Which brings us neatly to the issue of the new Programme for Government and how its aspirations and hostages to fortune are to be financed. It’s a weighty document – 156 pages, 16 chapters and an executive summary – but is conspicuously lacking in how its lengthy wish list could be financed. The document was drawn up having regard in the first instance to the prior Fine Gael /Fianna Fail agreement and then after negotiations with and attempts to bring on board various groups of independents, only some of whom seem to have bitten. The result is academically interesting as a lengthy check list of first world issues which we would all like to see addressed on the assumption of virtually unlimited resources and an ability to “freeze” certain issues while action is taken on others.

There are vague commitments to soak the high earners (who else?) – in order to “ensure the tax system remains fair and progressive” – an aim somewhat undermined by “not indexing personal tax credits and bands”. It promises further crackdowns and sanctions on cigarette smuggling and fuel laundering, and a commitment to improve “tax compliance.” There are also measures, parcelled up as altruistic “key public health interventions,” to increase duty on alcohol and cigarettes ( we are to be “tobacco free” by 2025, surely a fiscal oxymoron) and to tax “sugar sweetened drinks.”

All this is hardly the stuff to bring in the extra €6.75 billion promised for public services by 2021, let alone suffice to phase out the detested USC. And this is before investment in water and the many small print undertakings in the programme are factored in. Some hope is attached to an extra €4 billion available for capital investment apparently following a “redefinition” by the European Commission of Ireland’s “structural balance” which may help on the investment side. With fiscal limits now set by Brussels, it’s going to take particularly favourable economic developments over the coming years to generate the fiscal space just to tread water.

There’s a reality here that requires addressing. While health, housing, homelessness, crime and the curate’s egg nature of the extent of economic recovery were the main issues in the election, Irish Water was indicative, indirectly, of what is becoming a chronic issue in politics here – the unwillingness of the public to pay for the services they demand.
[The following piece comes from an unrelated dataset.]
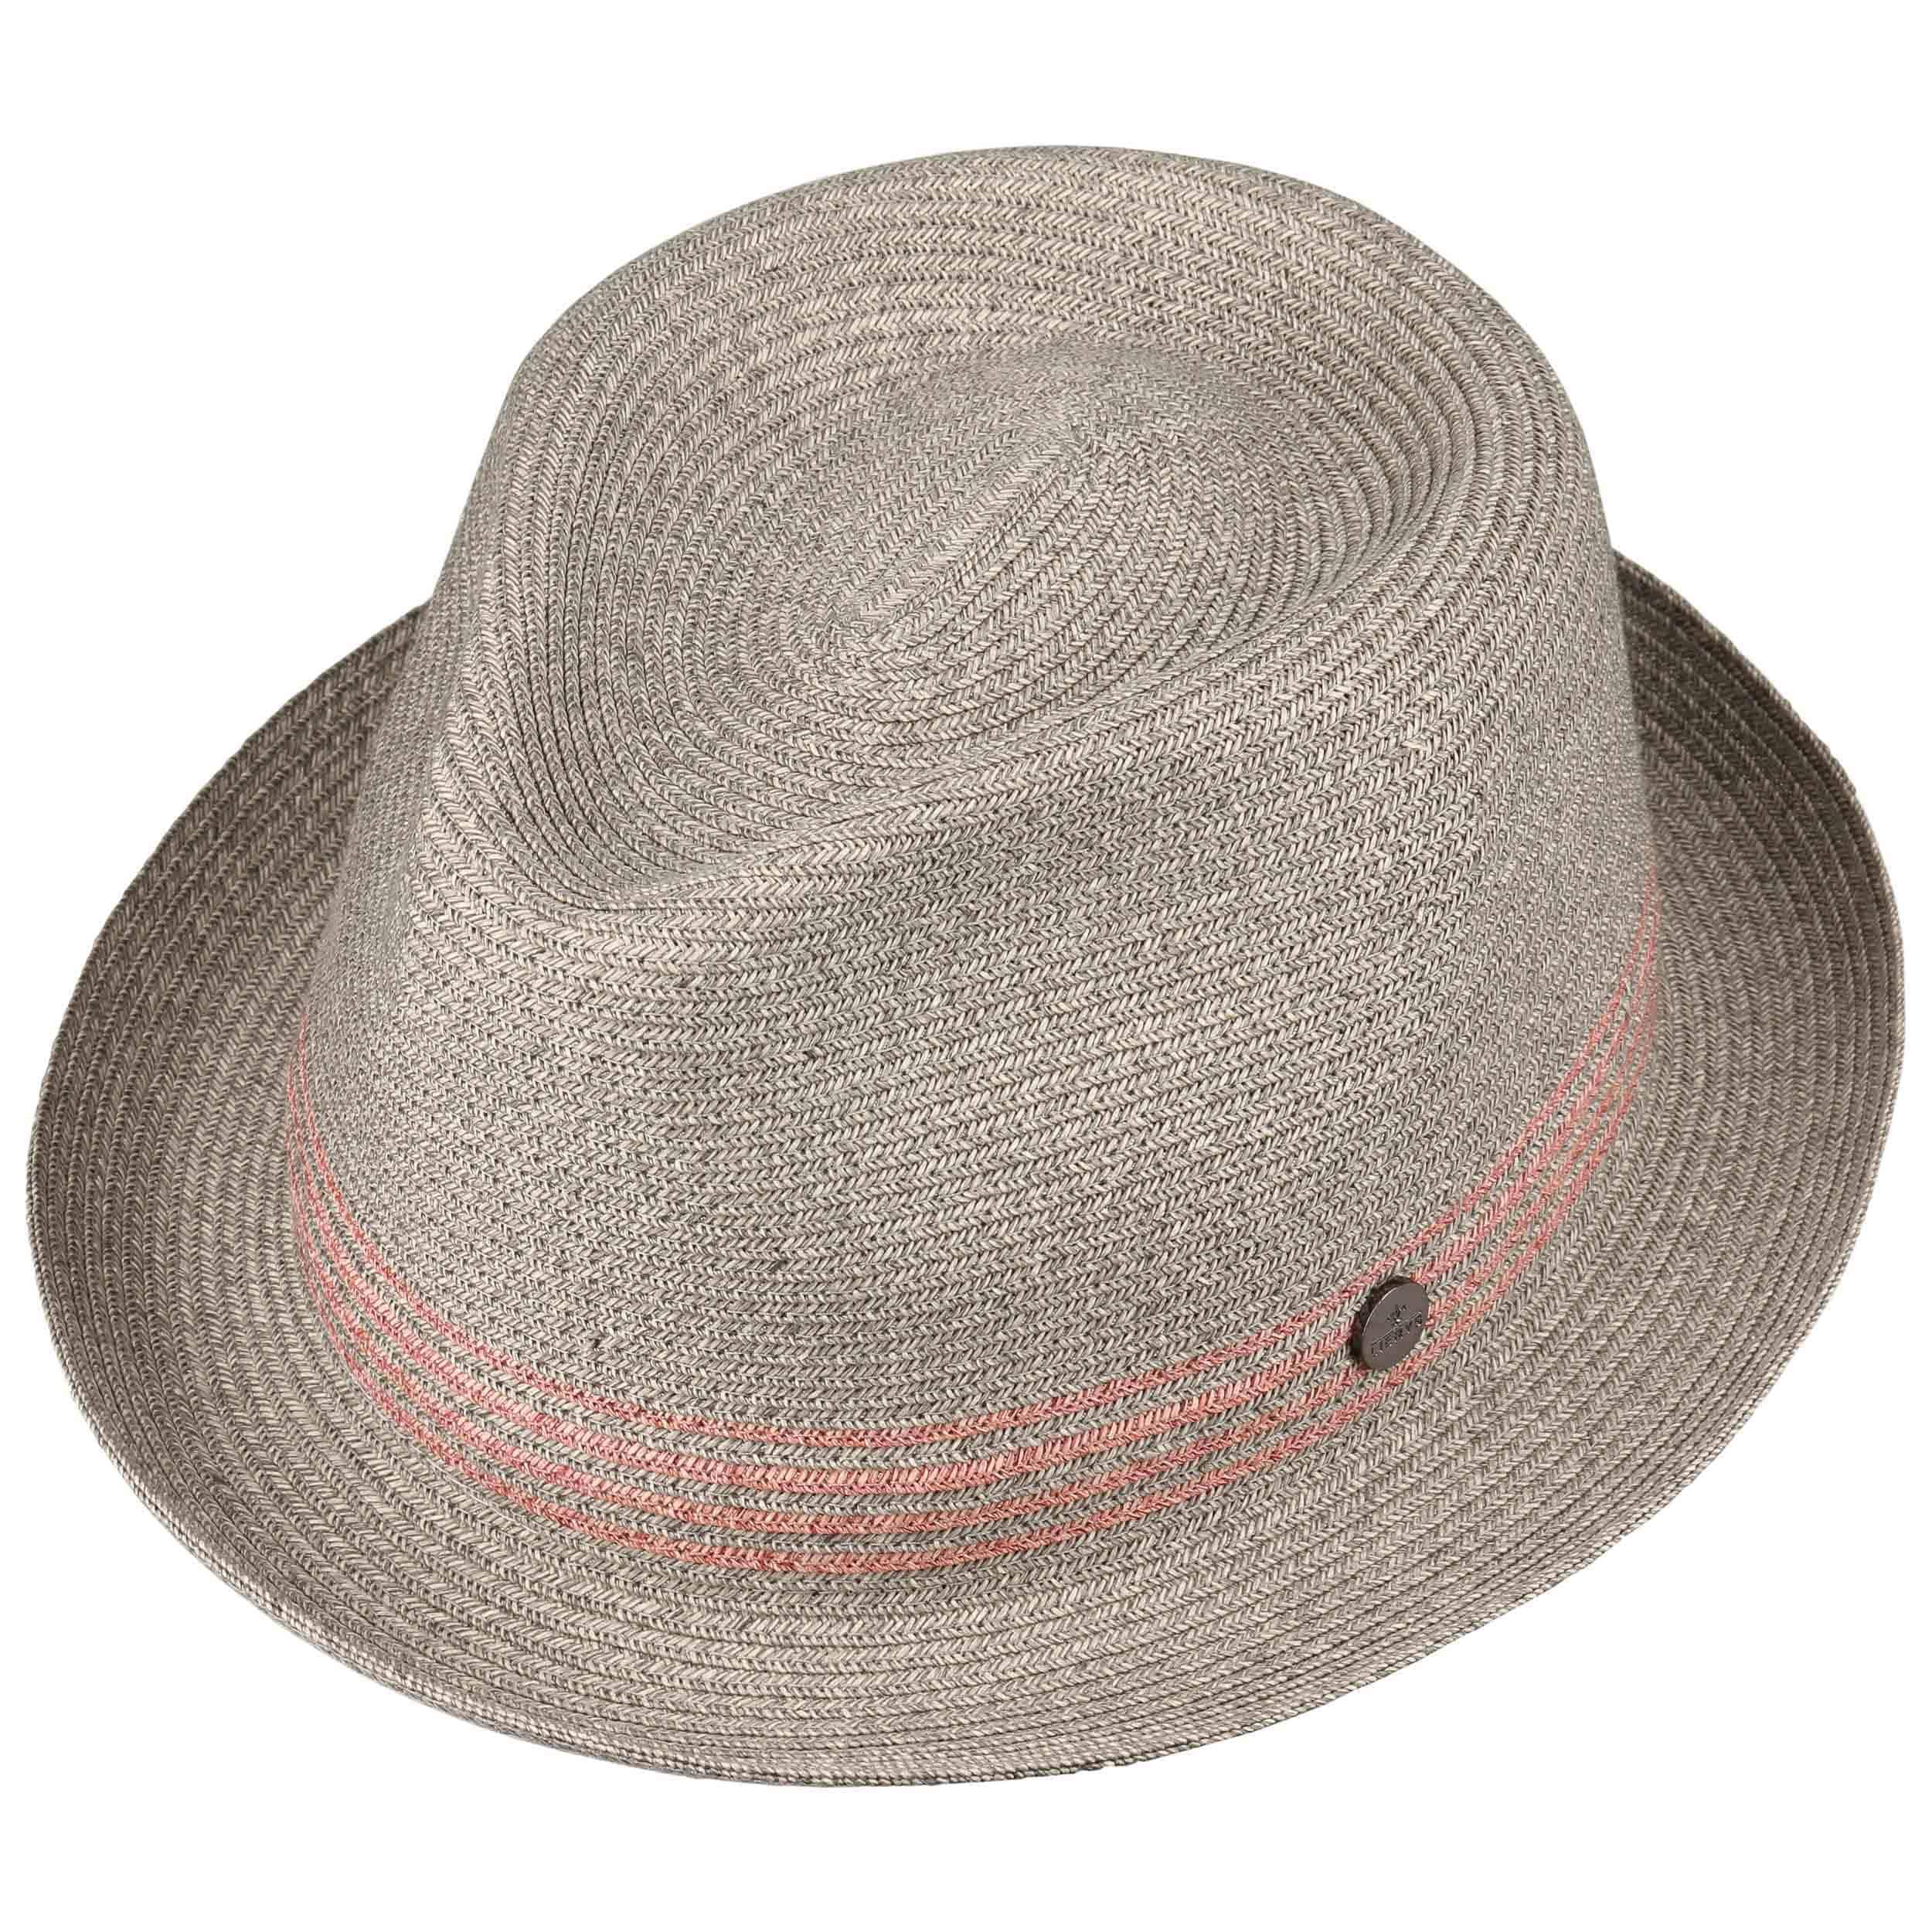 Ninfa Twotone Straw Hat by Lierys Sun hats Lierys bHlhe

The Left (5.5% of the vote) and Sinn Fein (13.8%) have cleverly stoked resentment about austerity while demanding more and better welfare payments and services to be financed from some limitless pot of gold accessed by punitive income and wealth taxes on those defined as wealthy as well as hiking corporation taxes. While this is manifestly unrealistic, the Programme has bought into some of this at least in its wish list.
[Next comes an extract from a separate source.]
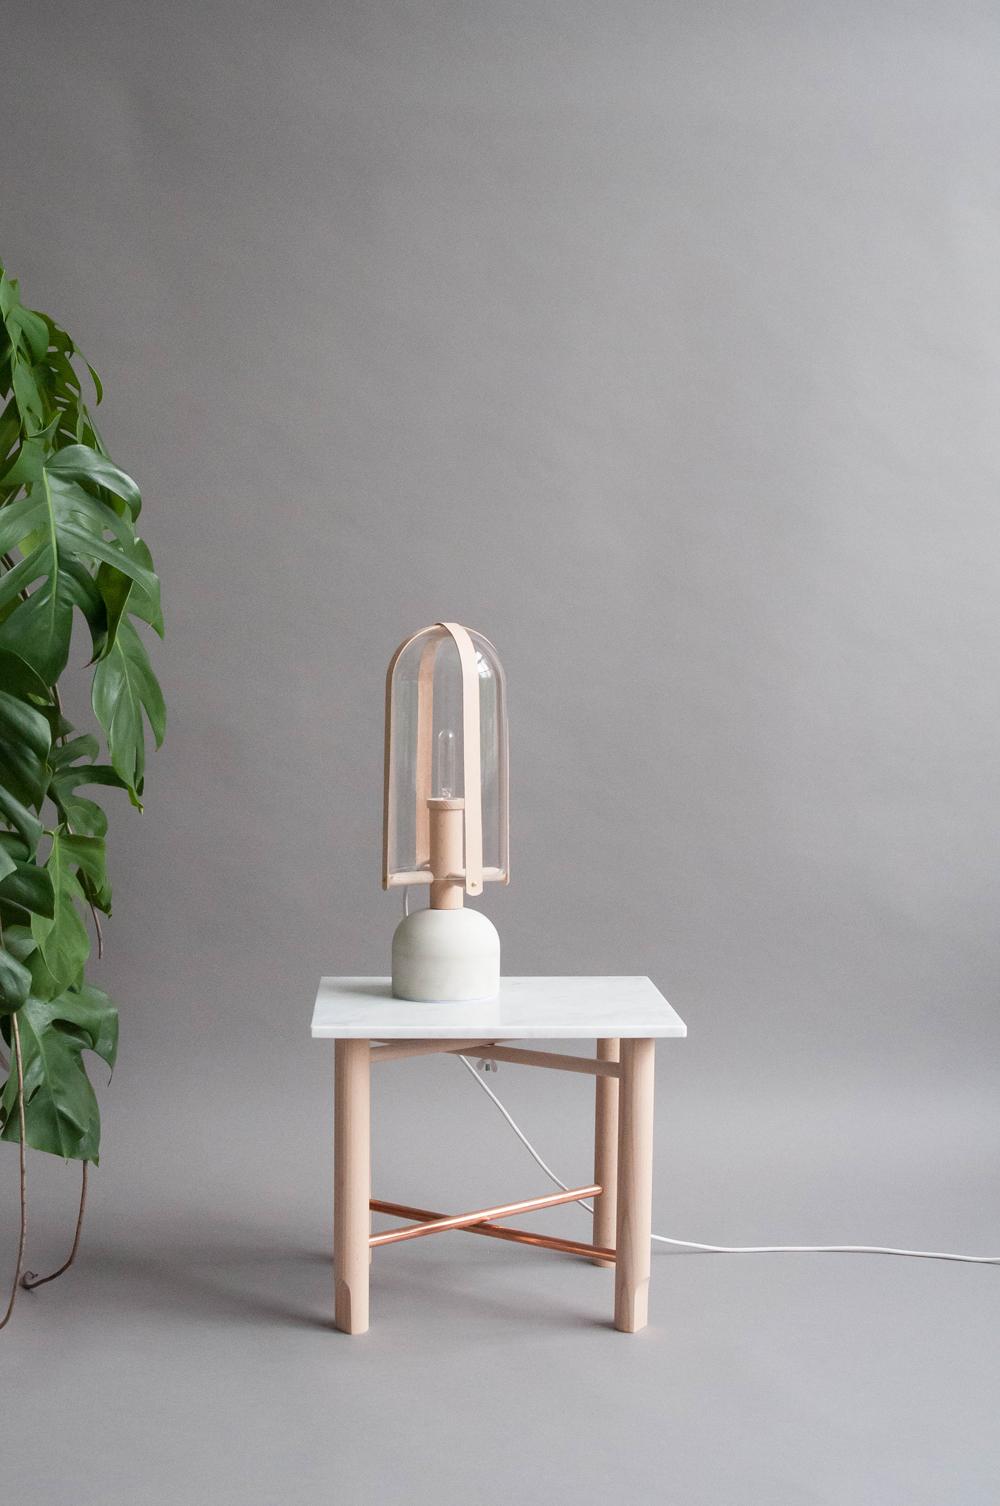 Abela Table Lamp by Marcel OSSendrijver

Quite how the first Hundred Days of the government – in which much has been promised – will pan out is unclear and it’s as well to remember how the original Hundred Days ended. The housing and homeless morass will require years to sort out and a banana skin may be in the offing here as the number of house repossessions seems set to rise dramatically. Ditto the structural problems in the health service.

Overall, given budgetary constraints the scope for any initiative is limited and the government would seem fated for however long it lasts to continue the general approach of its predecessor, with effectively the independents who have bought in replacing Labour. Its duration will depend on its ability to negotiate some minor matters to keep the Dail happy and on having enough political nous and antennae to avoid calamities like Irish Water. Yet Enda Kenny remains as Taoiseach and may well prove as difficult to dislodge as Haughey. Remarkable.